-- Opening Marker --

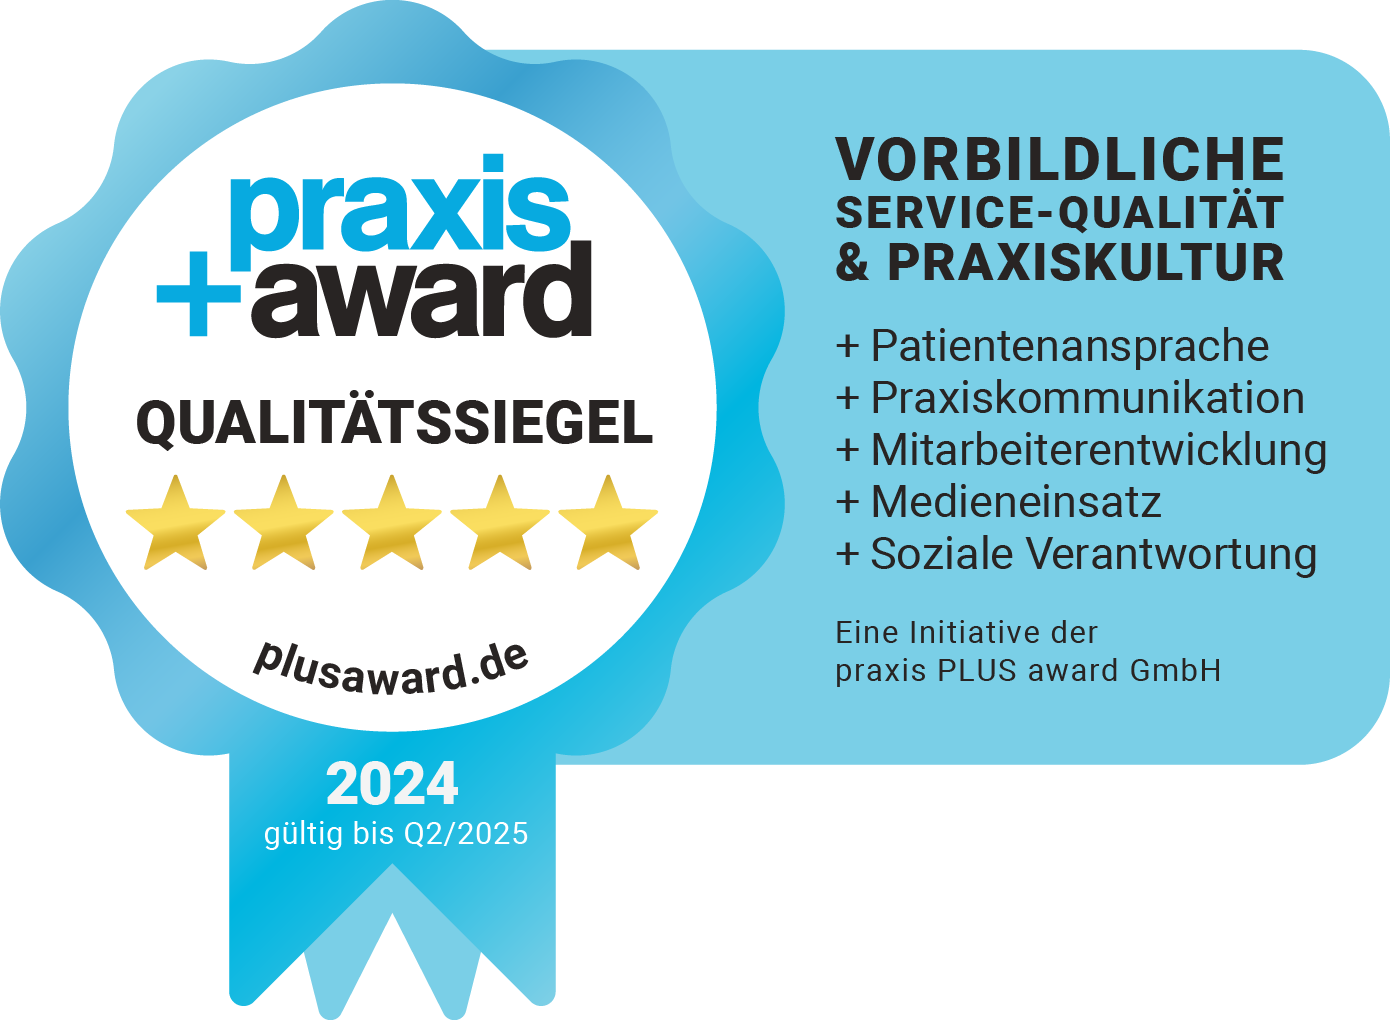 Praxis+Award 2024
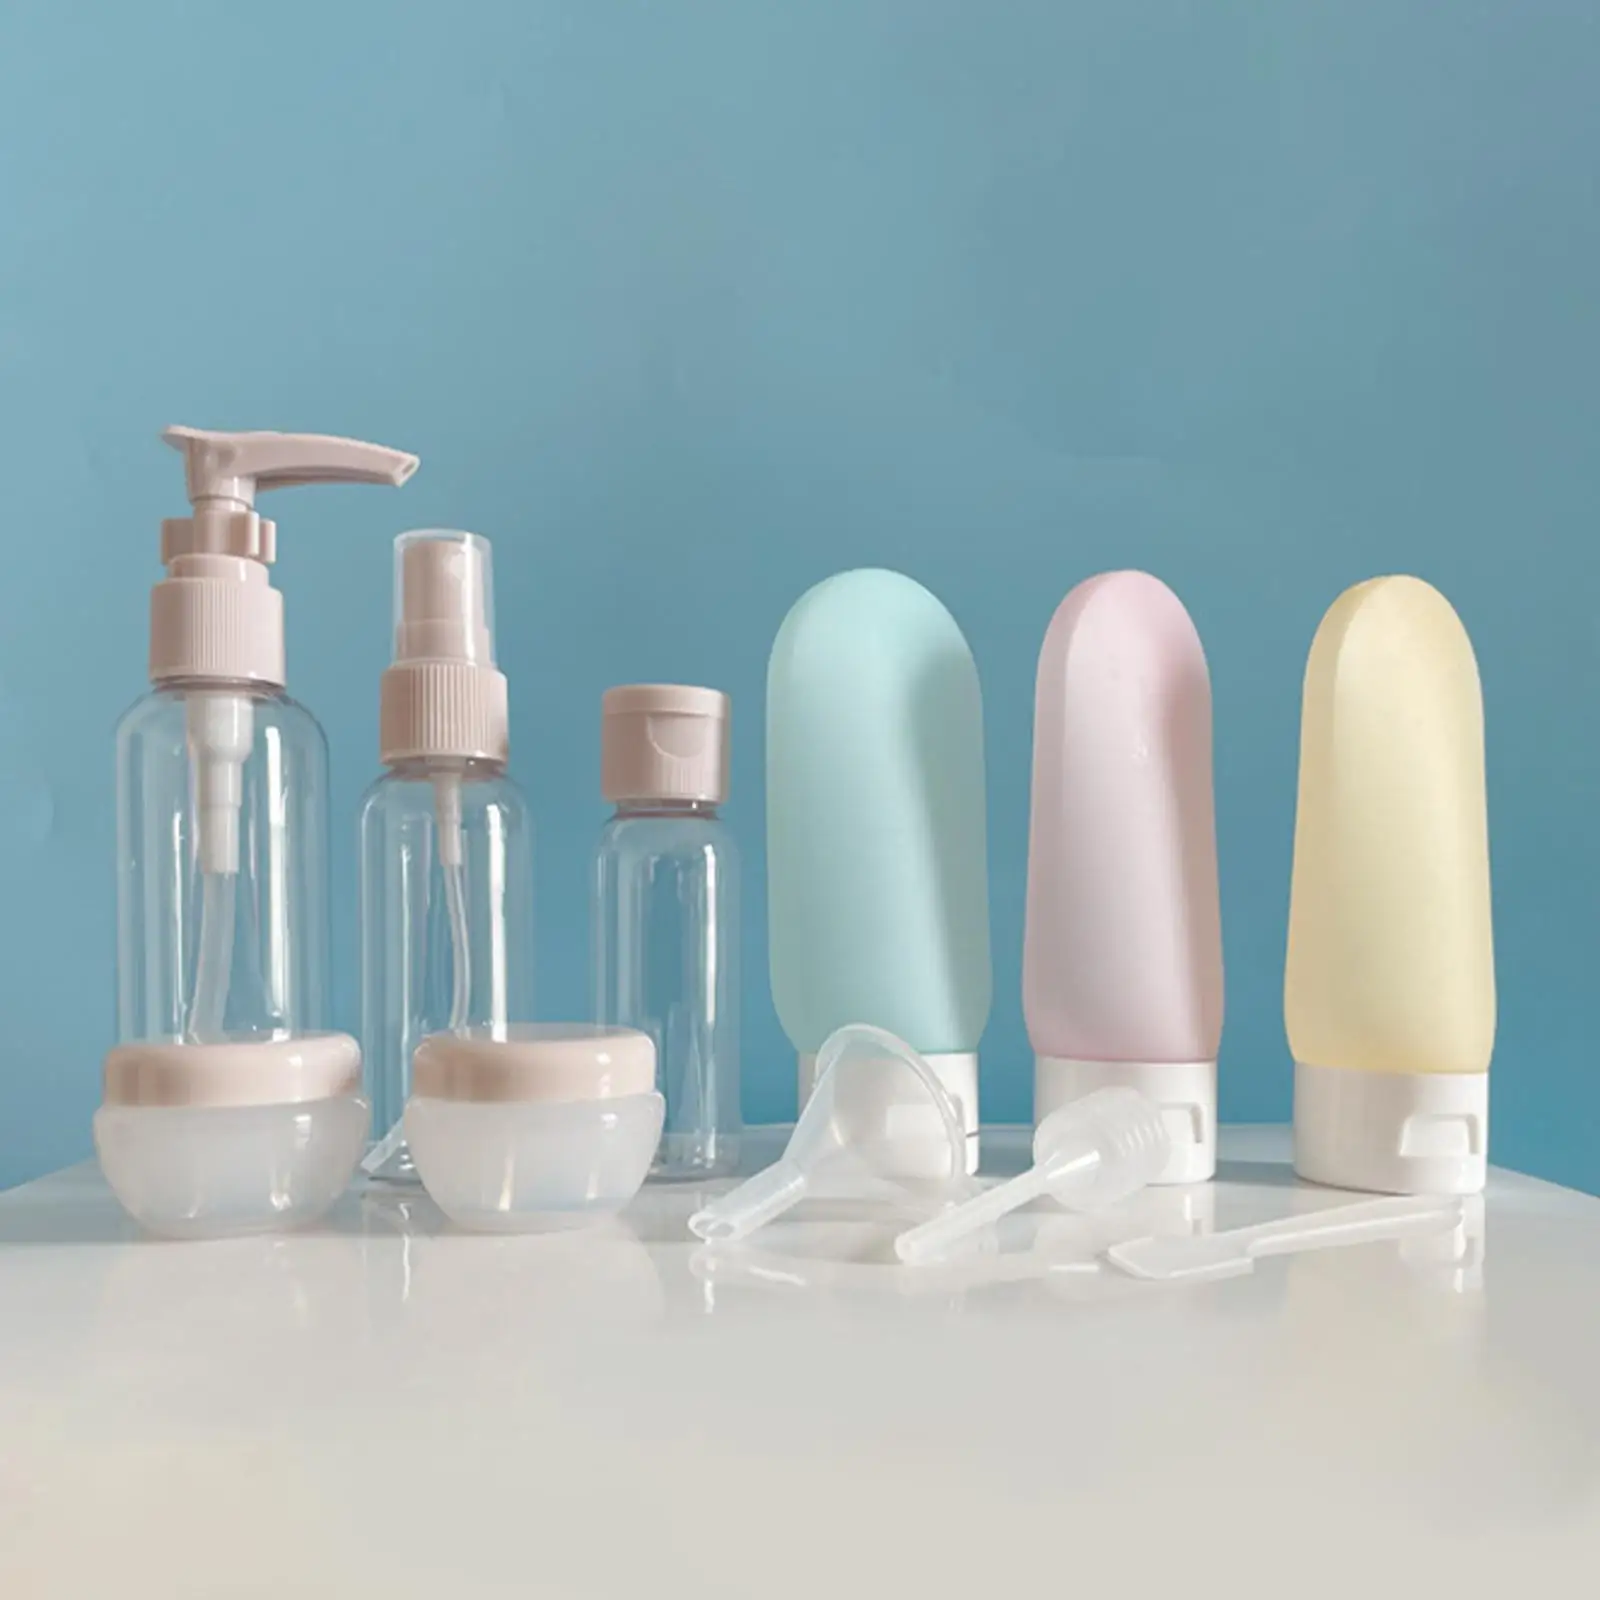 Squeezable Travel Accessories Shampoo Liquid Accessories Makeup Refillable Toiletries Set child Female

-- Closing Marker --
-- Opening Marker --

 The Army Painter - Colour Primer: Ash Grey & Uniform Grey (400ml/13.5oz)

-- Closing Marker --

**The task**
Copy the lines above between the one holding "Praxis+Award 2024" and the one holding "Squeezable Travel Accessories", inclusive. Drop the pictures.

**Task solution**
 Praxis+Award 2024
 Squeezable Travel Accessories Shampoo Liquid Accessories Makeup Refillable Toiletries Set child Female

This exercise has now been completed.